Competitive Intelligence System

Track multiple competitors with detailed analysis and reporting.

#!/usr/bin/env python3
"""Competitive Intelligence System"""

import asyncio
from datetime import datetime
from promptbeacon import Beacon, Provider
import pandas as pd
from pathlib import Path

class CompetitiveIntelligence:

    def __init__(self, brands: list[str], categories: list[str]):
        self.brands = brands
        self.categories = categories
        self.storage_path = "~/.promptbeacon/competitive.db"

    async def run_competitive_scan(self):
        results = []

        for brand in self.brands:
            print(f"\nScanning {brand}...")

            beacon = (
                Beacon(brand)
                .with_providers(Provider.OPENAI, Provider.ANTHROPIC)
                .with_categories(*self.categories)
                .with_storage(self.storage_path)
                .with_prompt_count(15)
                .with_competitors(*[b for b in self.brands if b != brand])
            )

            report = await beacon.scan_async()
            sov = report.share_of_voice

            results.append({
                "brand": brand,
                "score": report.visibility_score,
                "sov": sov.target_share,
                "presence_rate": sov.target_presence_rate,
                "rank": sov.target_rank,
                "mentions": report.mention_count,
                "positive": report.sentiment_breakdown.positive,
                "negative": report.sentiment_breakdown.negative,
                "timestamp": report.timestamp,
            })

        return pd.DataFrame(results)

    def generate_competitive_report(self, df: pd.DataFrame):
        output_dir = Path("./competitive_reports")
        output_dir.mkdir(exist_ok=True)
        timestamp = datetime.now().strftime("%Y%m%d_%H%M%S")

        df.to_csv(output_dir / f"competitive_data_{timestamp}.csv", index=False)

        report_md = f"""# Competitive Intelligence Report

Generated: {datetime.now().strftime("%Y-%m-%d %H:%M:%S")}

## Executive Summary

- **Brands Analyzed**: {len(df)}
- **Categories**: {", ".join(self.categories)}
- **Market Leader (Score)**: {df.loc[df['score'].idxmax(), 'brand']} ({df['score'].max():.1f})
- **Market Leader (SoV)**: {df.loc[df['sov'].idxmax(), 'brand']} ({df['sov'].max():.0%})

## Brand Rankings

| Rank | Brand | Score | Share of Voice | Presence Rate | Positive % |
|------|-------|-------|----------------|---------------|------------|
"""
        for idx, row in df.sort_values("score", ascending=False).iterrows():
            rank = df.sort_values("score", ascending=False).index.get_loc(idx) + 1
            report_md += f"| {rank} | {row['brand']} | {row['score']:.1f} | {row['sov']:.0%} | {row['presence_rate']:.0%} | {row['positive']:.0%} |\n"

        filepath = output_dir / f"report_{timestamp}.md"
        with open(filepath, "w") as f:
            f.write(report_md)

        print(f"\nReport generated in {output_dir}")


async def main():
    ci = CompetitiveIntelligence(
        brands=["Nike", "Adidas", "Puma", "New Balance", "Under Armour"],
        categories=["running shoes", "athletic wear", "sports brand"],
    )

    df = await ci.run_competitive_scan()
    ci.generate_competitive_report(df)
    print("\nCompetitive Intelligence Scan Complete!")


if __name__ == "__main__":
    asyncio.run(main())

PR Campaign Impact Tracking

Track brand visibility before, during, and after PR campaigns.

#!/usr/bin/env python3
"""PR Campaign Impact Tracker"""

from promptbeacon import Beacon
from datetime import datetime

class CampaignTracker:

    def __init__(self, brand: str, campaign_start: datetime):
        self.brand = brand
        self.campaign_start = campaign_start
        self.beacon = Beacon(brand).with_storage("~/.promptbeacon/campaigns.db")
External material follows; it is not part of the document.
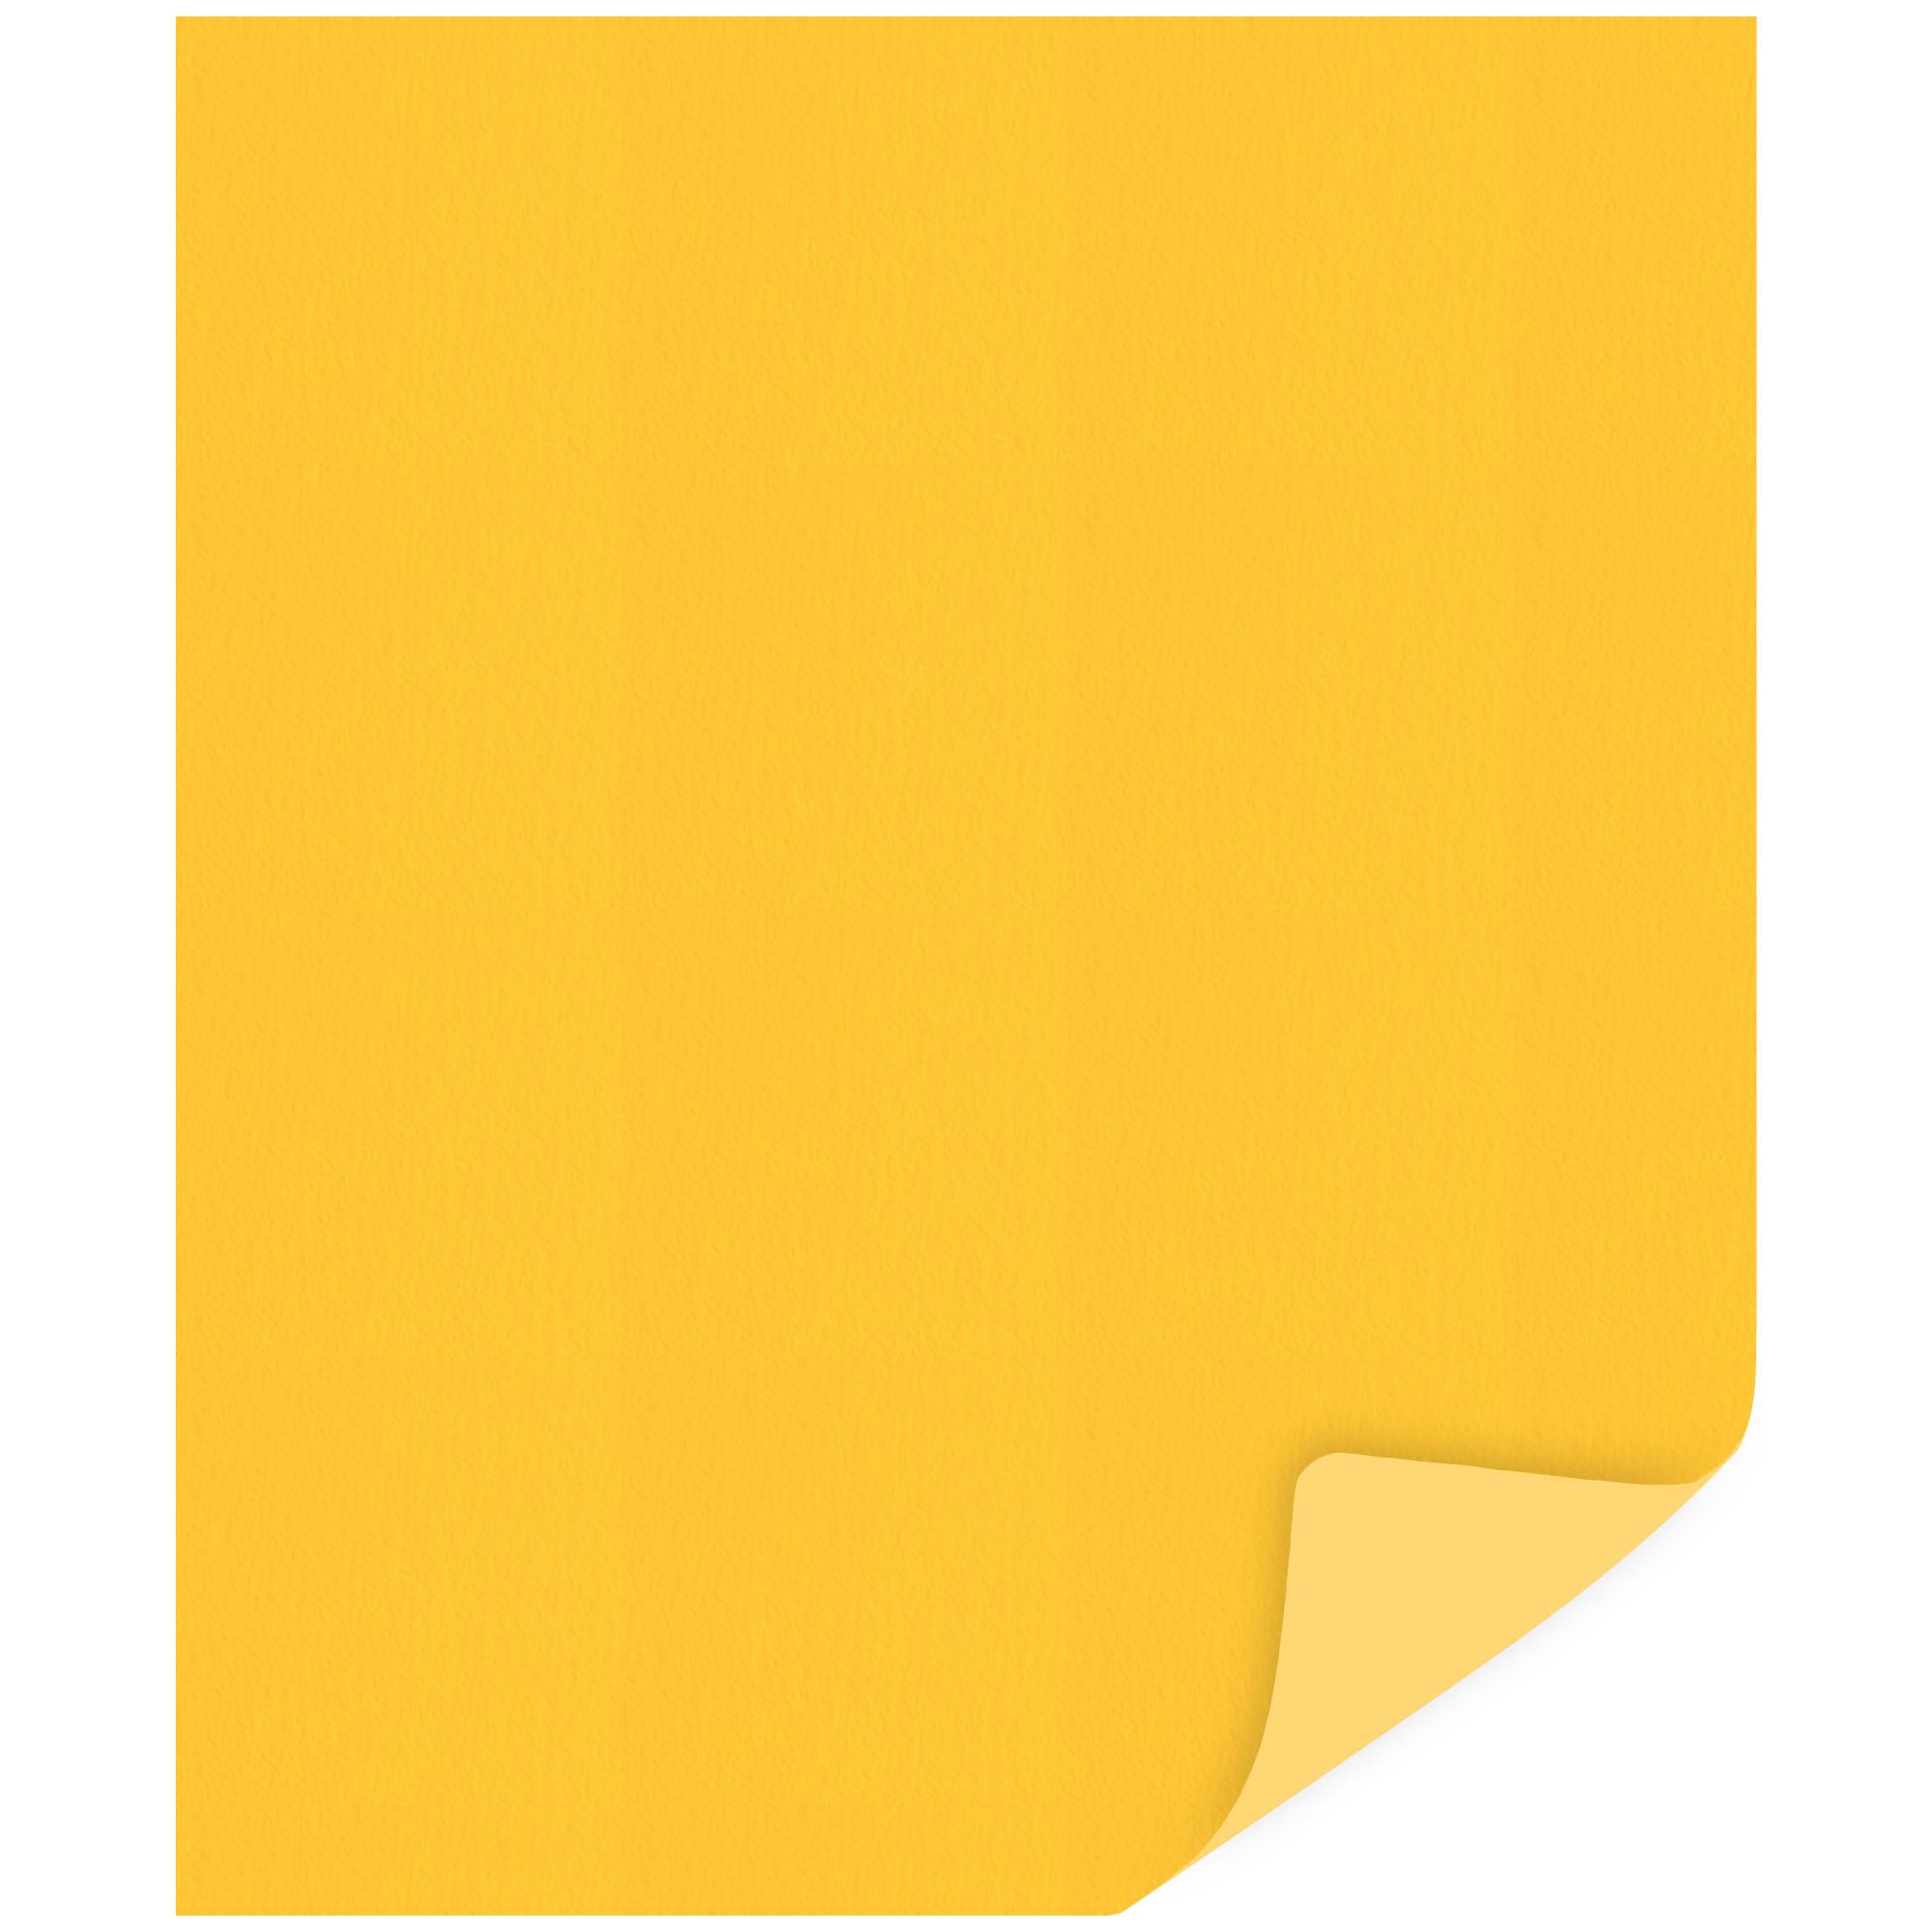 Papel Dobradura 50X60CM. Cor Amarelo  209.1.06 - V.M.P.

    def track_campaign(self, days_before: int = 7, days_after: int = 14):
        history = self.beacon.get_history(days=days_before + days_after)
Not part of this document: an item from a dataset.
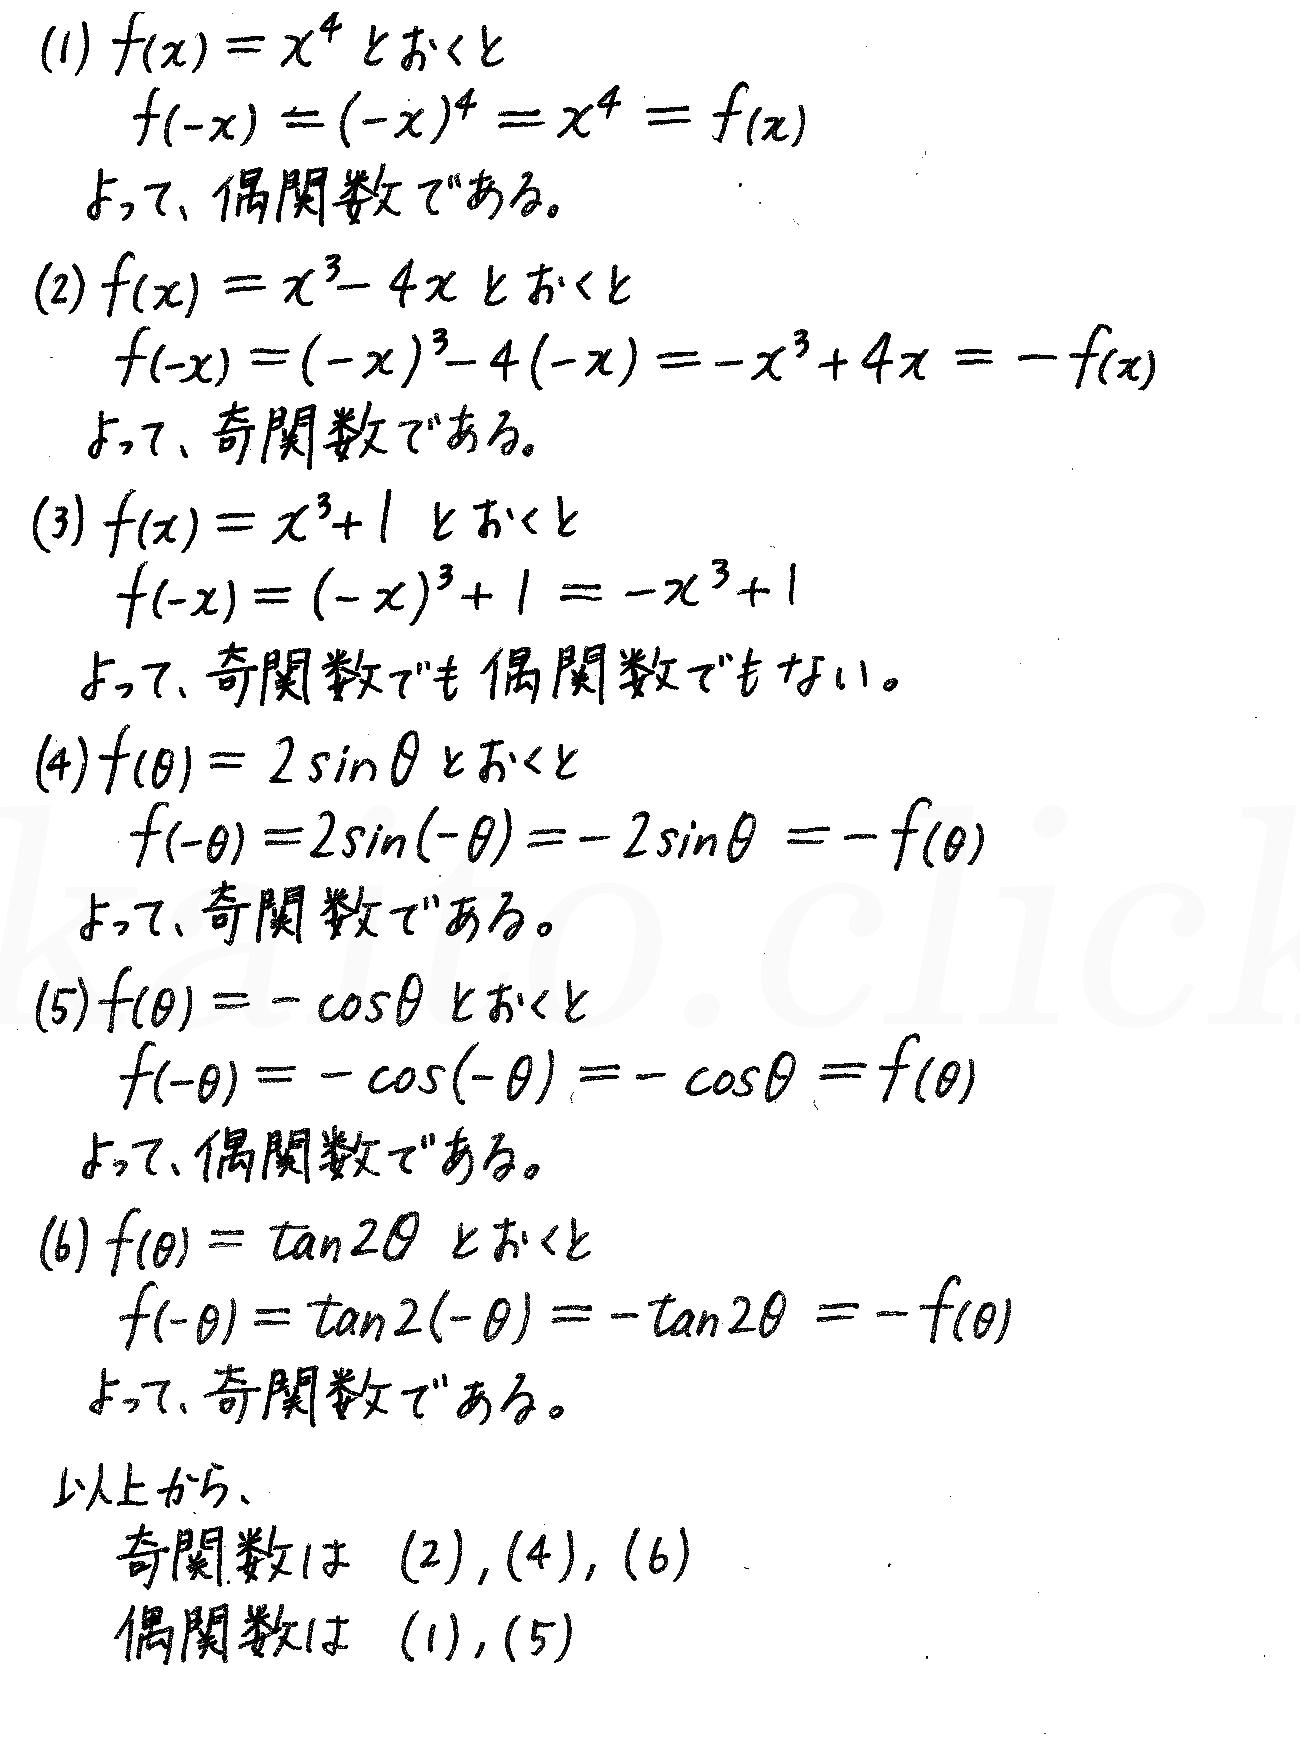 4STEP数学2-271解答

        if not history.data_points:
            print("Insufficient historical data")
            return

        pre_campaign = [dp for dp in history.data_points if dp.timestamp < self.campaign_start]
        post_campaign = [dp for dp in history.data_points if dp.timestamp >= self.campaign_start]

        pre_avg = sum(dp.visibility_score for dp in pre_campaign) / len(pre_campaign) if pre_campaign else 0
        post_avg = sum(dp.visibility_score for dp in post_campaign) / len(post_campaign) if post_campaign else 0
        impact = post_avg - pre_avg

        print(f"\n{self.brand} Campaign Impact Analysis")
        print("=" * 50)
        print(f"Campaign Start: {self.campaign_start}")
        print(f"\nPre-Campaign Average: {pre_avg:.1f}")
        print(f"Post-Campaign Average: {post_avg:.1f}")
        print(f"Impact: {impact:+.1f} points")

        if impact > 2:
            print("Status: Positive impact detected")
        elif impact < -2:
            print("Status: Negative impact detected")
        else:
            print("Status: No significant impact")

        return {"pre_avg": pre_avg, "post_avg": post_avg, "impact": impact}


if __name__ == "__main__":
    tracker = CampaignTracker(
        brand="Nike",
        campaign_start=datetime(2026, 1, 10),
    )

    results = tracker.track_campaign(days_before=7, days_after=14)

Multi-Brand Portfolio Management

#!/usr/bin/env python3
"""Multi-Brand Portfolio Manager"""

import asyncio
from promptbeacon import Beacon, Provider
from rich.console import Console
from rich.table import Table

console = Console()

class PortfolioManager:

    def __init__(self, brands: dict[str, list[str]]):
        self.brands = brands
        self.storage_path = "~/.promptbeacon/portfolio.db"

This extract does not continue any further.